Astronauts may not need to go far to find water outside Earth. As CNN reports, Brown University scientists Ralph E. Milliken and Shuai Li suspect there are significant amounts of water churning within the Moon’s interior.

Their findings, published in the journal Nature Geoscience, lean on the discovery of glass beads encased in the Moon’s volcanic rock deposits. As recently as 100 million years ago, the Earth’s moon was a hotbed of volcanic activity. Evidence of that volatile time can still be found in the ancient ash and volcanic rock that’s scattered across the surface.

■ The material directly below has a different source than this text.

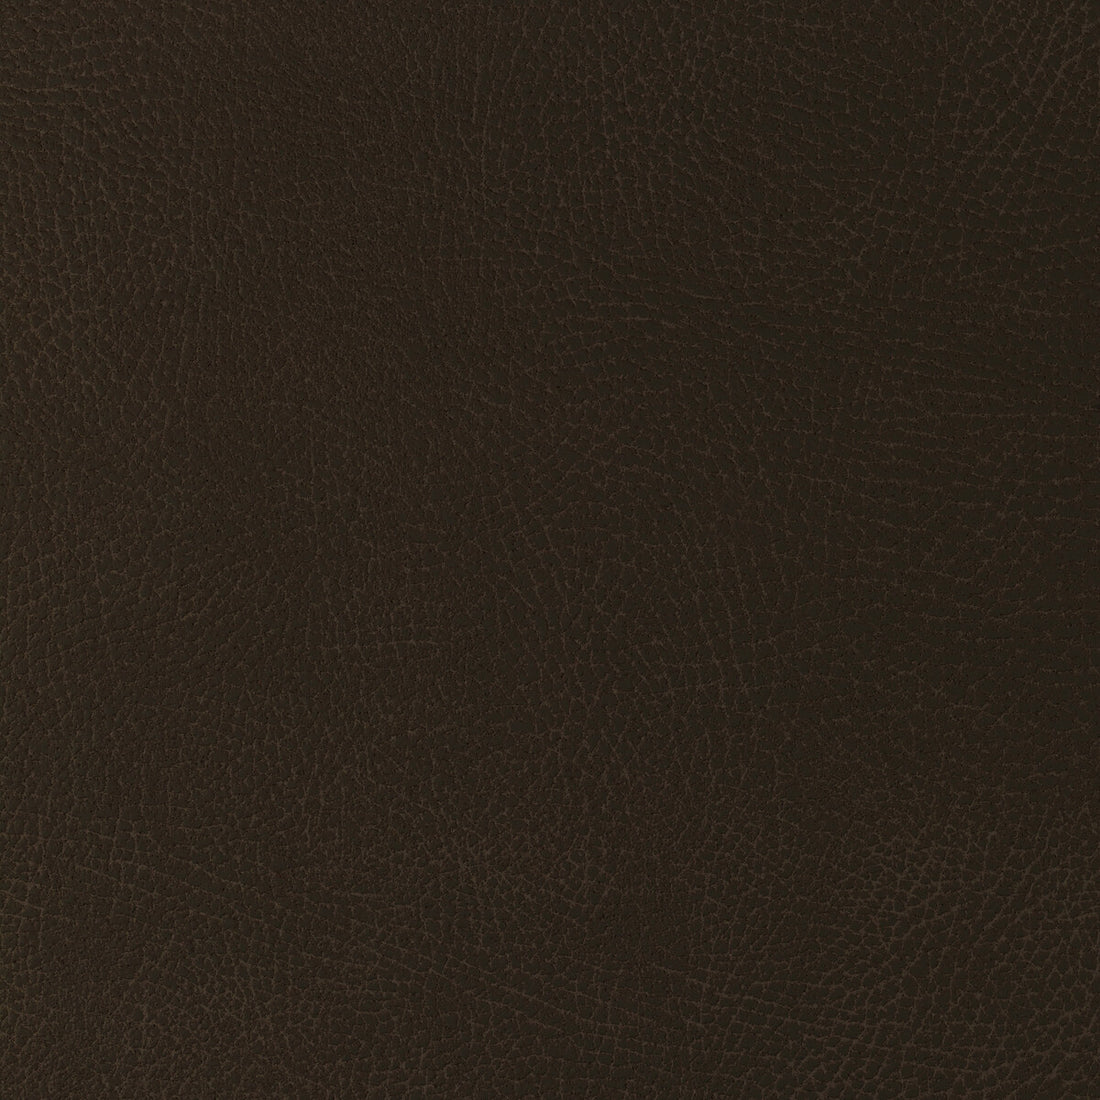 Kravet Design fabric in glendale-6166 color - pattern GLENDALE.6166.0 - by Kravet Design

Using satellite imagery, the researchers identified tiny water droplets preserved inside glass beads that formed in the volcanic deposits. While water makes up a small fraction of each bead, its presence suggests there’s significantly more of it making up the Moon’s mantle.

Milliken and Li aren't the first scientists to notice water in lunar rocks. In 2008, volcanic materials collected from the Moon during the Apollo missions of 1971 and 1972 were revealed to contain the same water-flecked glass beads that the Brown scientists made the basis of their recent study. They took their research further by analyzing images captured across the face of the Moon and quickly saw the Apollo rocks represented a larger trend. "The distribution of these water-rich deposits is the key thing," Milliken said in a press statement. "They're spread across the surface, which tells us that the water found in the Apollo samples isn't a one-off. Lunar pyroclastics seem to be universally water-rich, which suggests the same may be true of the mantle."

The study challenges what we know about the Moon's formation, which scientists think occurred when a planet-sized object slammed into the Earth 4.5 billion years ago. "The growing evidence for water inside the Moon suggests that water did somehow survive, or that it was brought in shortly after the impact by asteroids or comets before the Moon had completely solidified," Li said. "The exact origin of water in the lunar interior is still a big question."

The findings also hold exciting possibilities for the future of space travel. NASA scientists have already considered turning the Moon into a water station for astronauts on their way to Mars. If water on the celestial body is really as abundant as the evidence may suggest, figuring out how to access that resource will definitely be on NASA's agenda.